Omit every picture, then return each line of the data below exactly.

» **DATA EXTRACT**:
----

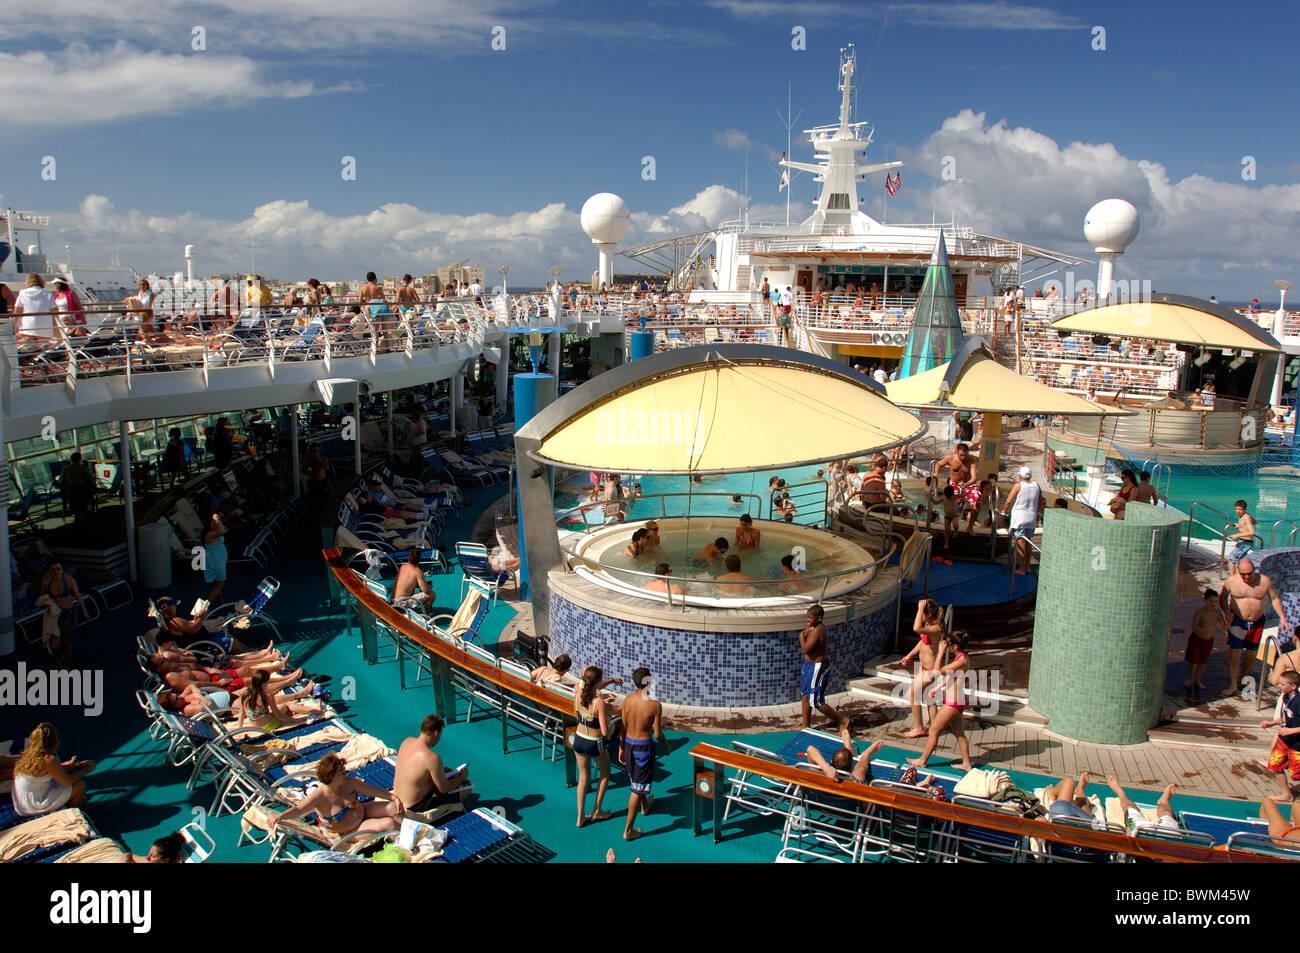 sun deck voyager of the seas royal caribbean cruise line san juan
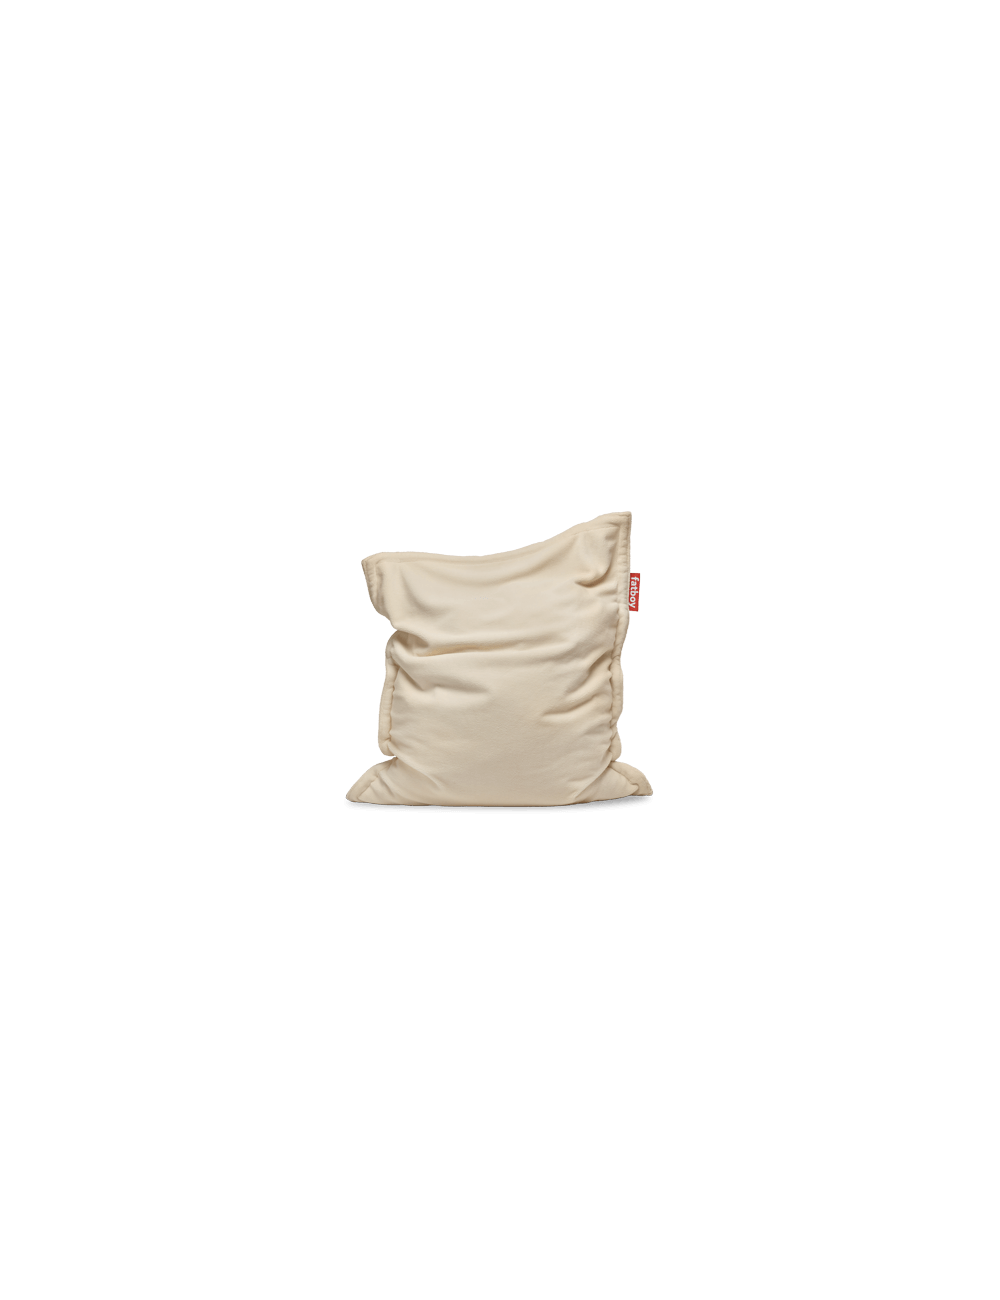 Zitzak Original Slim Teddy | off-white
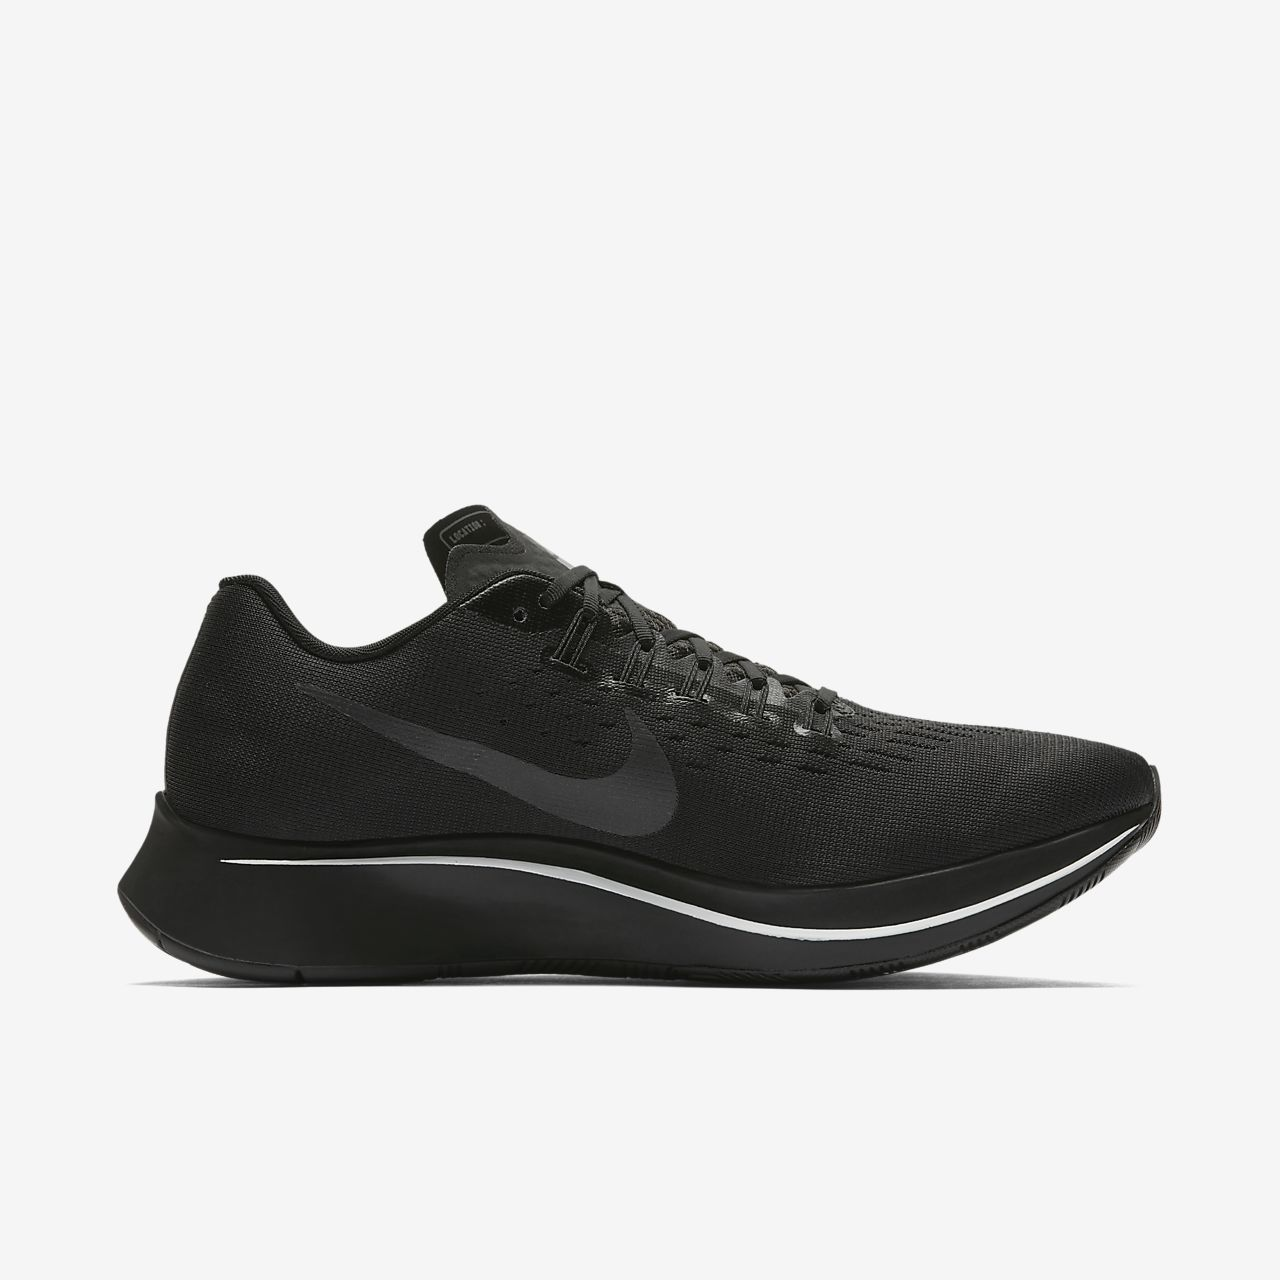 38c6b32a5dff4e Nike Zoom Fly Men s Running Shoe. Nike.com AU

----

» **RESPONSE**:
 sun deck voyager of the seas royal caribbean cruise line san juan
 Zitzak Original Slim Teddy | off-white
 38c6b32a5dff4e Nike Zoom Fly Men s Running Shoe. Nike.com AU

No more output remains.